670Useful information about \code{subjunc} function can be found in its help page (type \code{?subjunc} in your {\R} prompt).
671
672\begin{Rcode}
673subjunc(index="my_index",readfile1="rnaseq-reads.txt.gz",output_file="subjunc_results.bam")
674\end{Rcode}
675
676
677\section{Index building}
678
679Please refer to Section~\ref{sec:index}.
680Same index is used for the mapping of RNA and DNA sequencing reads.
681
682\section{Local read alignment}
683
684The \code{Subread} and \code{Subjunc} can both be used to map RNA-seq reads to the reference genome.
685If the goal of the RNA-seq data is to perform expression analysis, eg. finding genes expressing differentially between different conditions, then \code{Subread} is recommended.

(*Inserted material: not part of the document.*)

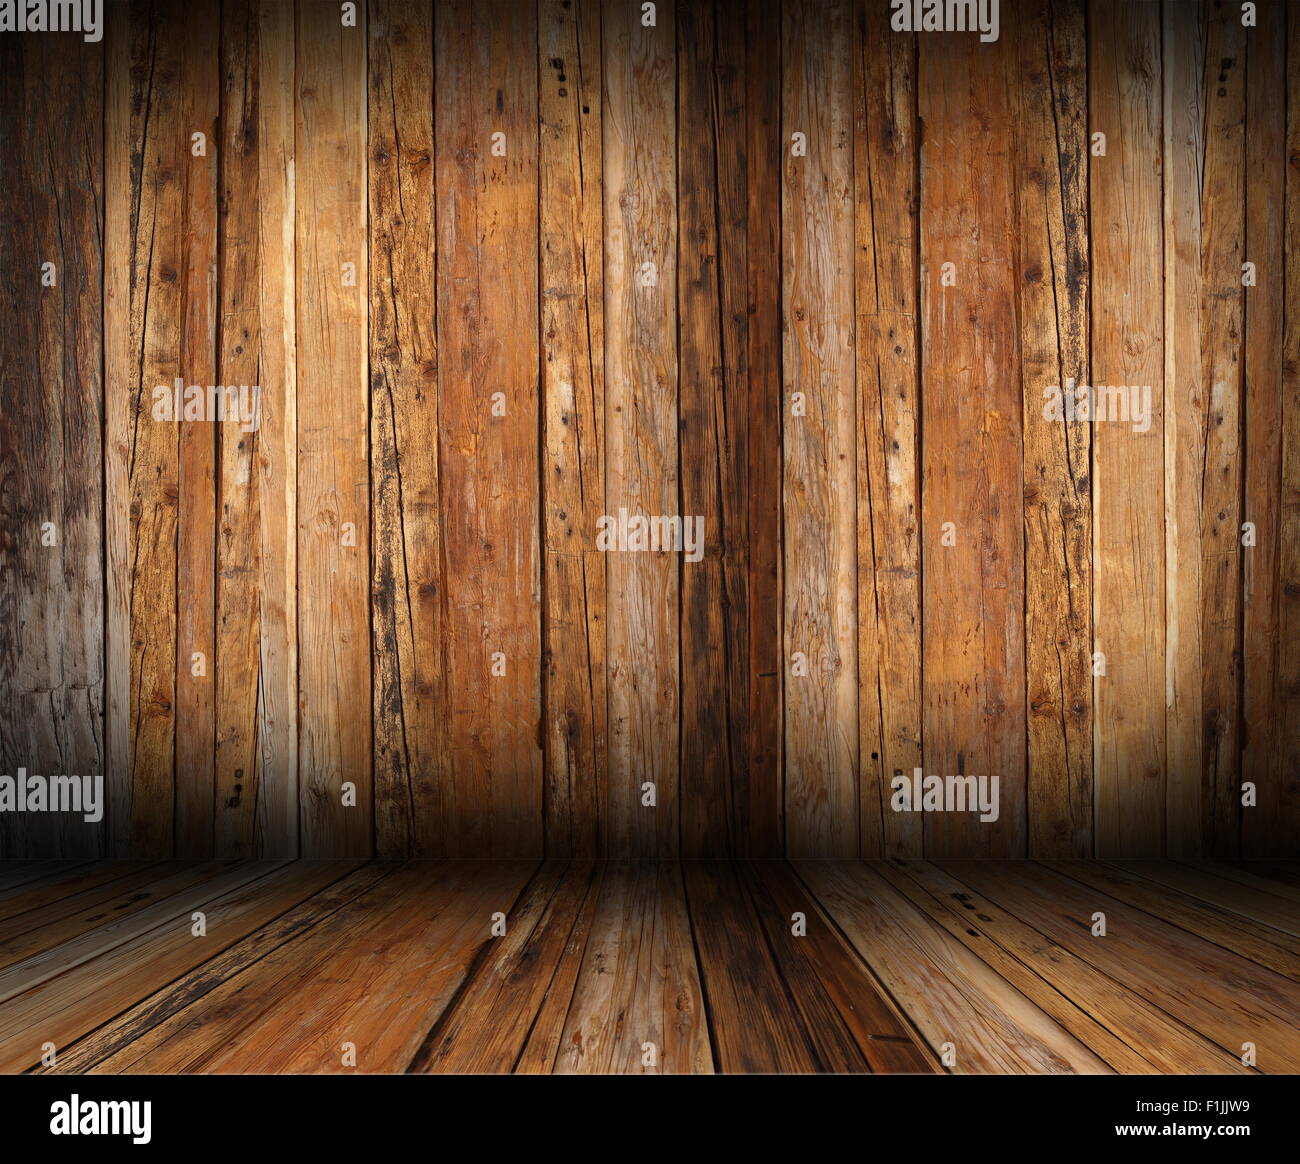 vintage wooden interior room backdrop with old wood planks Stock Photo

686\code{Subread} performs fast local alignments for reads and reports the mapping locations that have the largest overlap with the reads.
687These reads can then be assigned to genes for expression analysis.
688For this type of analysis, global alignments for the exon-spanning reads are not required because local aligments are sufficient to get reads to be accurately assigned to genes.
689
690However, for other types of RNA-seq data analyses such as exon-exon junction discovery, genomic mutation detection and allele-specific gene expression analysis, global alignments are required.
691The next section describes the {\Subjunc} aligner, which performs global aligments for RNA-seq reads.
692
693\section{Global read alignment}
694
695{\Subjunc} aligns each exon-spanning read by firstly using a large number of subreads extracted from the read to identify multiple target regions matching the selected subreads, and then using the splicing signals (donor and receptor sites) to precisely determine the mapping locations of the read bases.
696It also includes a verification step to compare the quality of mapping reads as exon-spanning reads with the quality of mapping reads as exonic reads to finally decide how to best map the reads.
697Reads may be re-aligned if required.
698
699Output of {\Subjunc} aligner includes a list of discovered exon-exon junction locations and also the complete alignment results for the reads.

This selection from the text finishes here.